Making Direct Messages Reliable and Fast

Tommy Crush
Instagram Engineering
6 min readJun 5, 2019

--

Over the last few years, Instagram Direct has grown to be a core part of sharing content and experiences with your close friends on Instagram. This isn’t a privilege we take lightly; it’s incredibly important that we deliver each message as reliably and as quickly as possible.

The Internet transfers data at the Speed of Light, but in many cases, due to large distances and network inefficiencies, the human eye can still pickup on the delay between a request’s start and finish. Additionally, network requests can fail for a wide variety of reasons, such as connection-loss or transient server issues. In this blog post, we’ll discuss Instagram’s infrastructure on iOS and Android to not only retry these actions, but also to make the whole experience feel much faster and reliable to the user.

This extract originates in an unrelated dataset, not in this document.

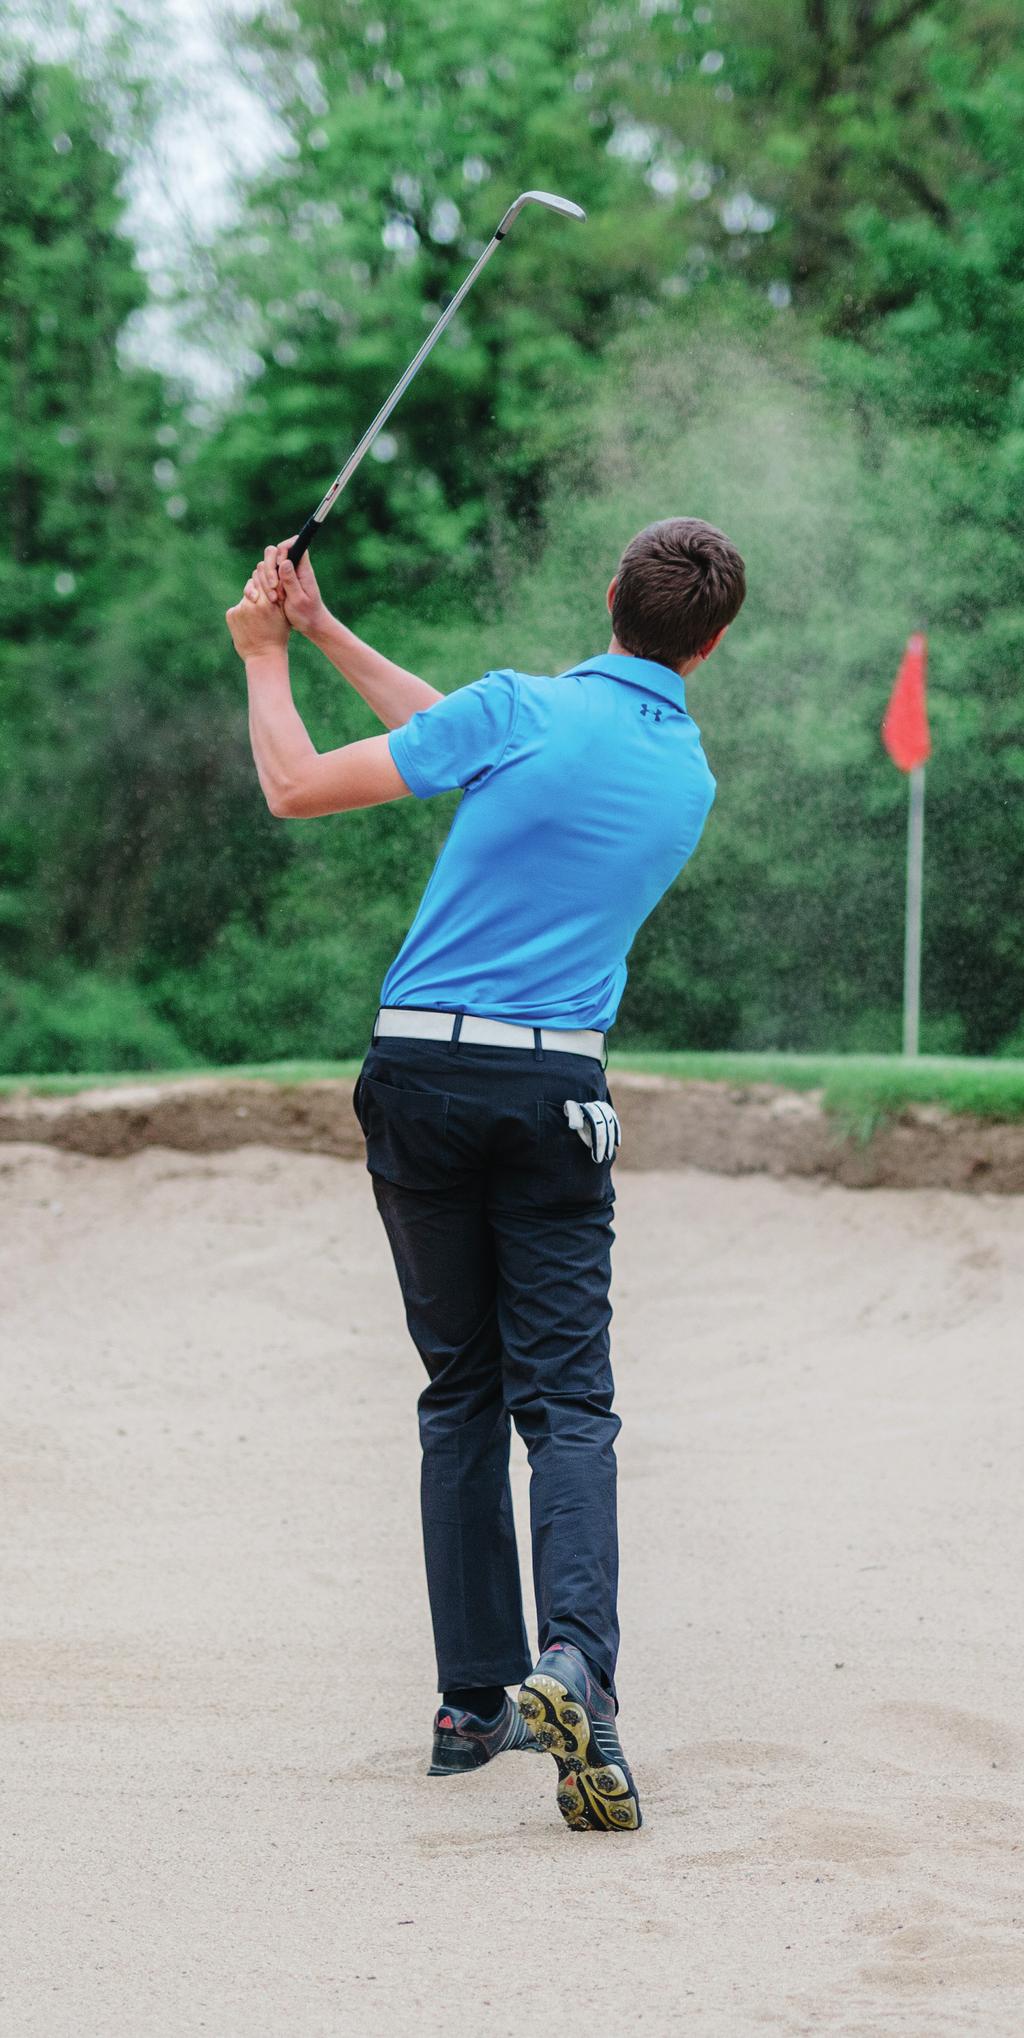 DGV (Deutscher Golf Verband) Platzreife: Der Führerschein zum Golfspielen.

How mobile apps make network requests look fast

Often, when someone is building a mobile app that wants to “mutate” state on the server (such as tell the server to send a message), they have their view layer initiate a network request. It doesn’t take long before the developer realizes that this request could easily take a second or two even in good network conditions.

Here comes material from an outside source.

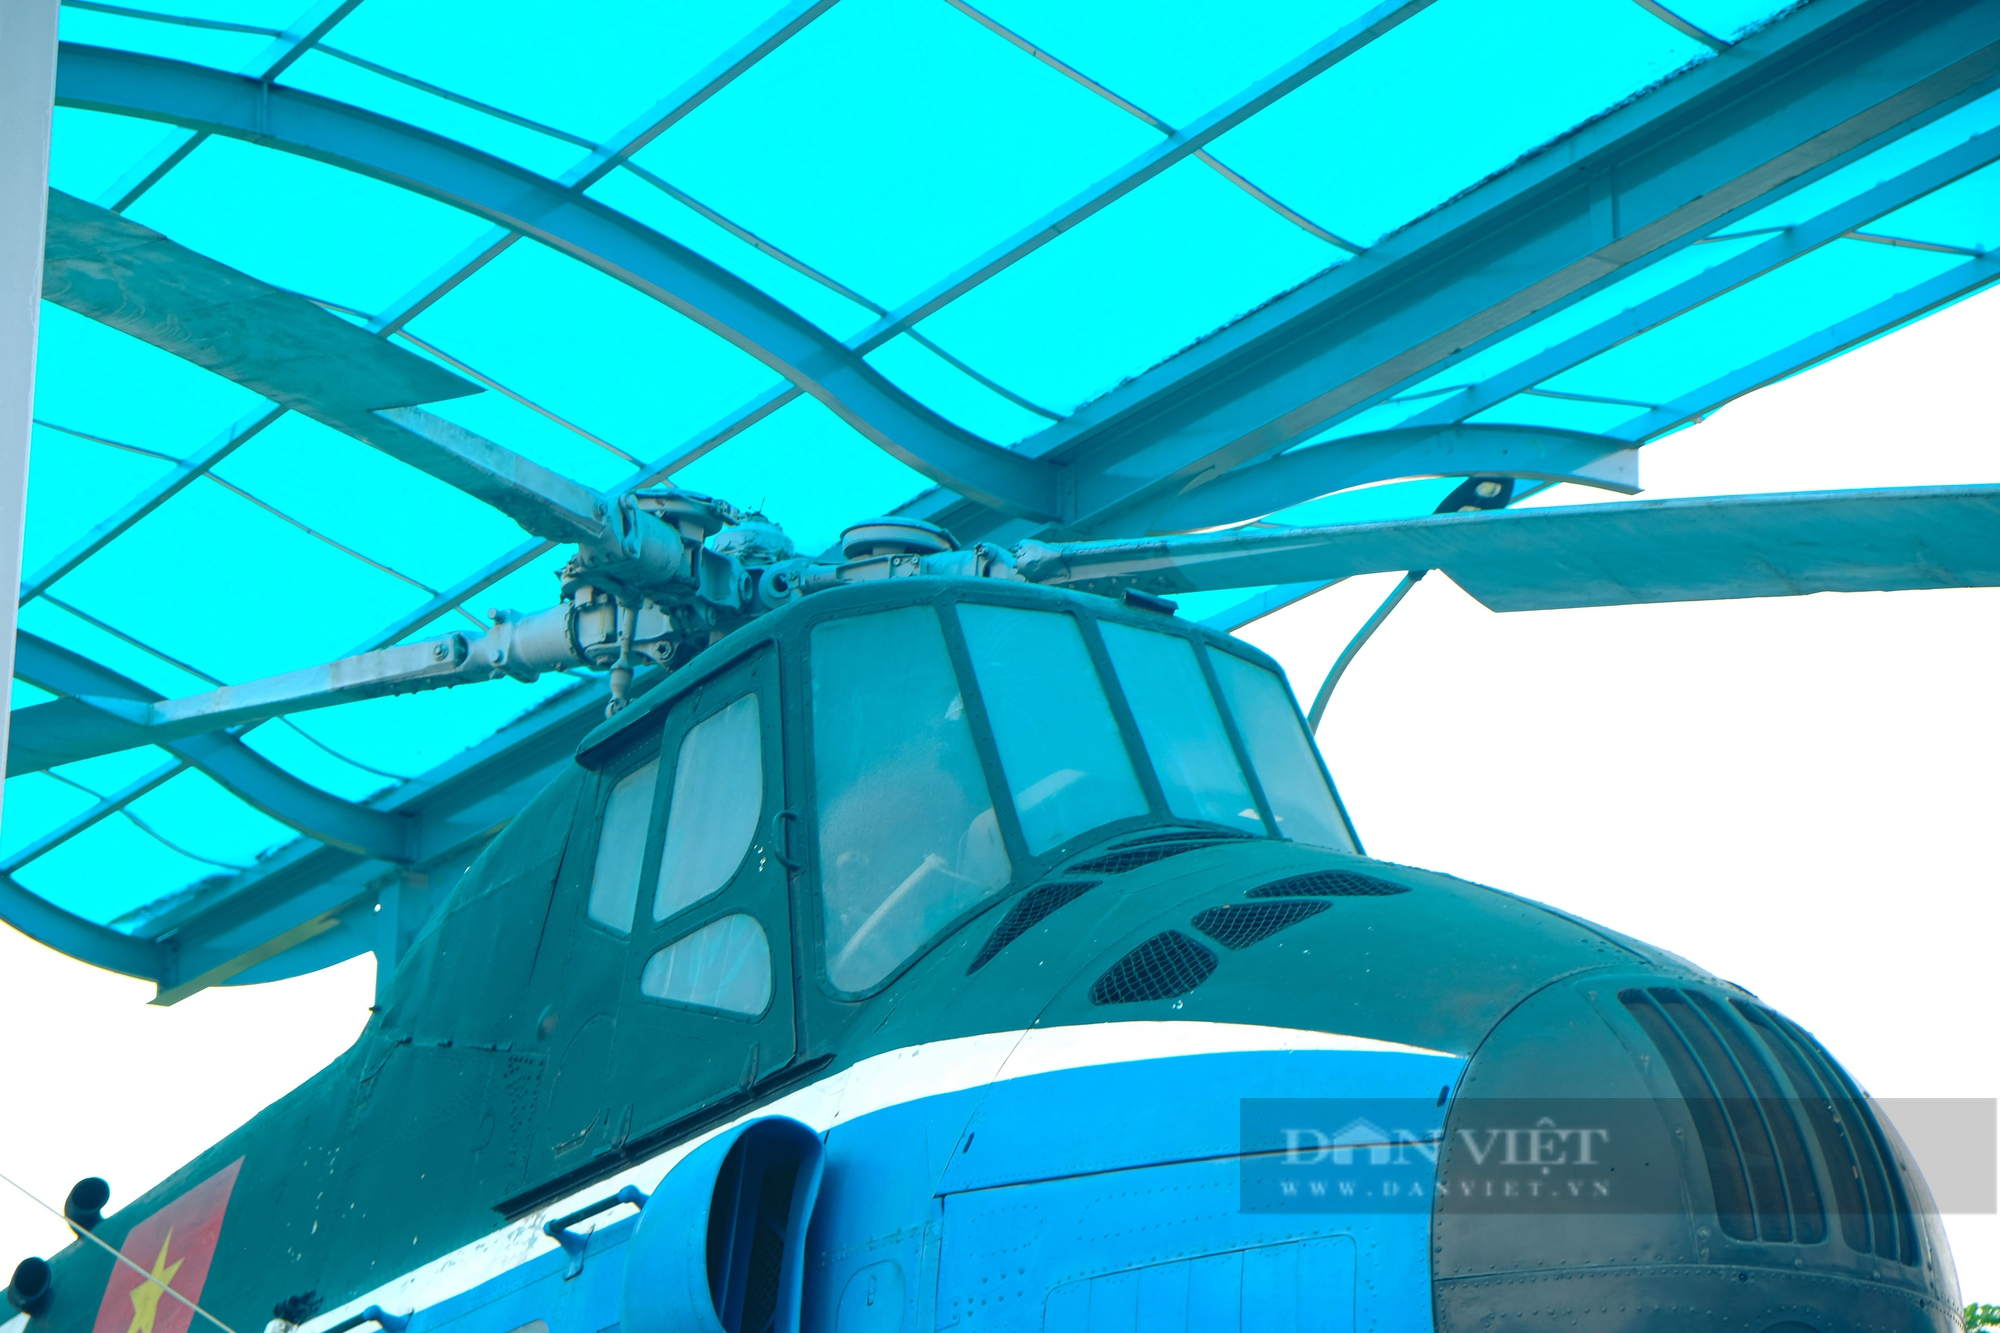 Trực thăng vận tải Mi-4 từng tháp tùng Bác Hồ đi công tác nhìn ra sao? - Ảnh 6.

A common pattern used to make it seem like the application is fast and responsive (i.e., reduce the user-perceived latency) is to “optimistically” guess the expected output of the successful request and immediately apply it to the view — all before the request is even made. We call this concept “optimistic state”.

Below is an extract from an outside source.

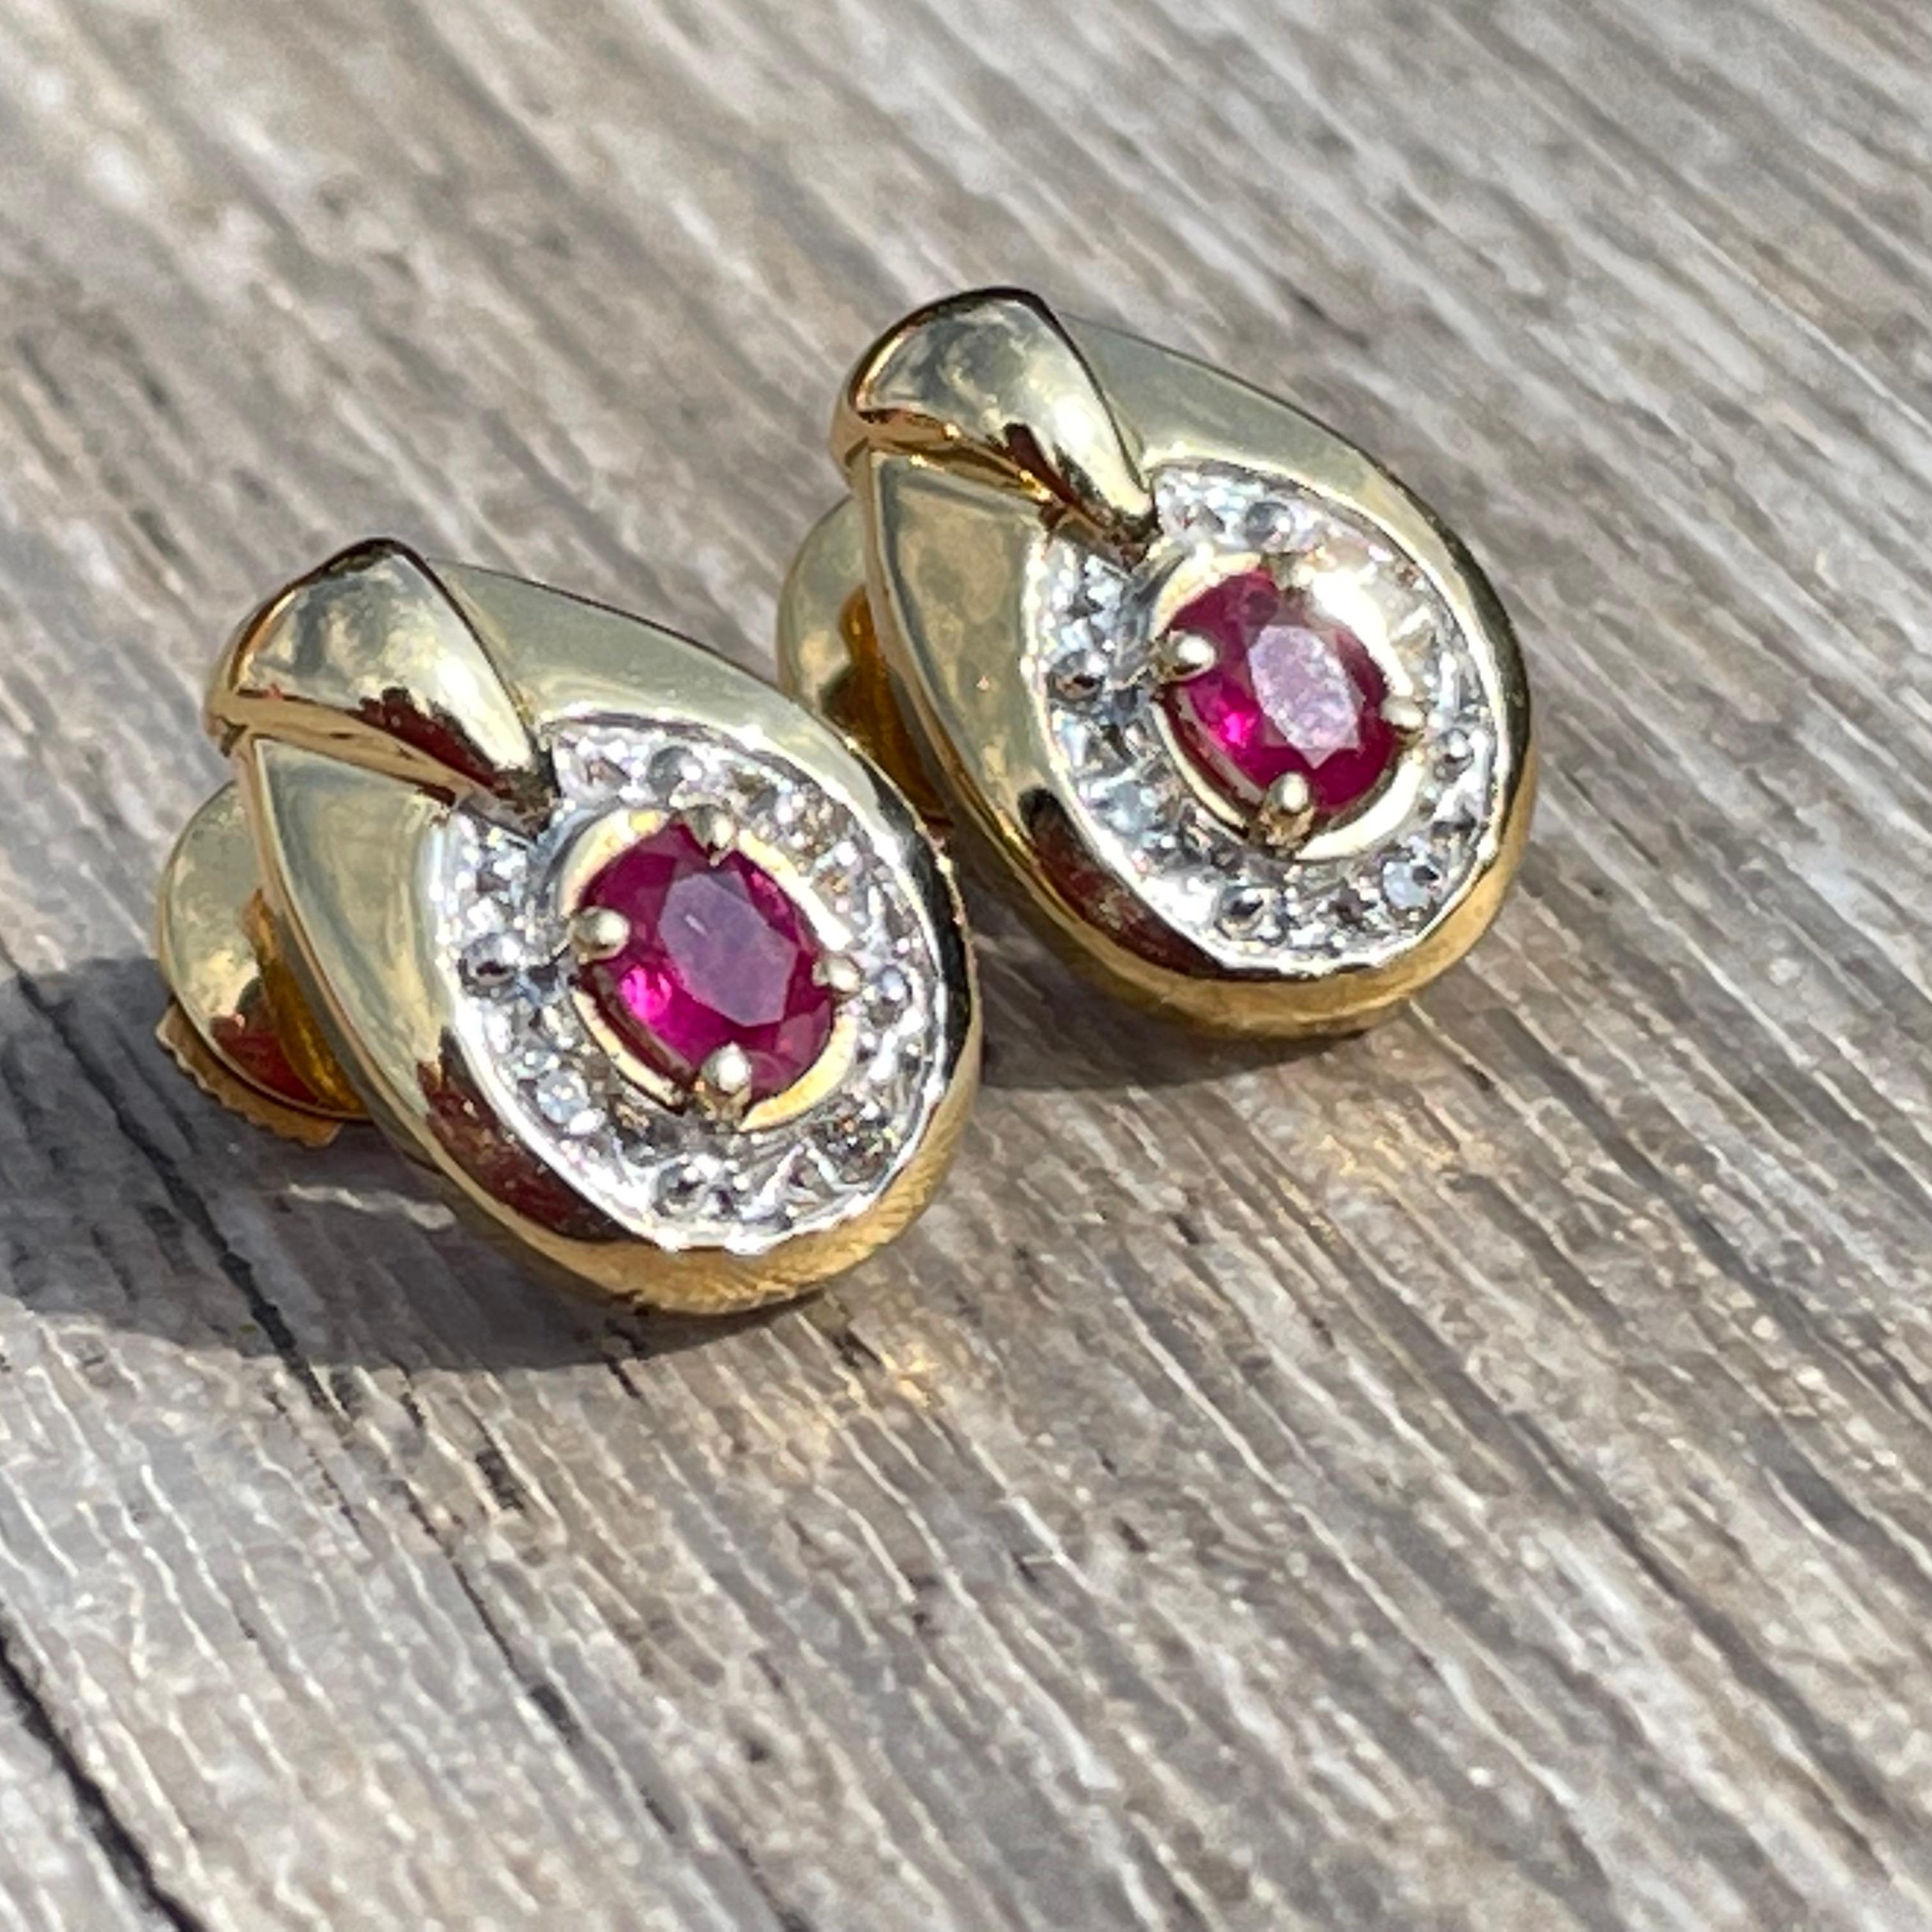 Les boucles d'oreilles rubis diamants en or 18 carats sont un choix élégant et intemporel pour compléter votre look. Fabriquées avec soin et attention aux détails, ces boucles d'oreilles sont conçues pour apporter une touche de sophistication à

In this iOS example, I have an app that stores a color. The existing color, Red, is stored in _savedColor, but when MyViewController has set off a network request to change it, the app immediately overwrites the view's color to Blue, in the _updatingToColor value. This makes the app feel much faster than waiting for the request to complete.

This pattern, however, becomes unmanageable as the application grows.

If I leave MyViewController, the other views in the app that depend on the same color value don't reflect this ongoing request. This confuses the user, and makes the app look inconsistent, buggy, and slow! To handle this, many developers simply apply the Color change to the app's global data-cache. In fact, Direct also used to apply optimistic changes to our global caches. But this poses many problems, too. What happens if some other event (such as fetching the Color from network) overwrites my ongoing-Blue color back to Red? This concept is referred to as “Clobbering”. It creates weird experiences for the user, and it's difficult for developers to debug/reproduce.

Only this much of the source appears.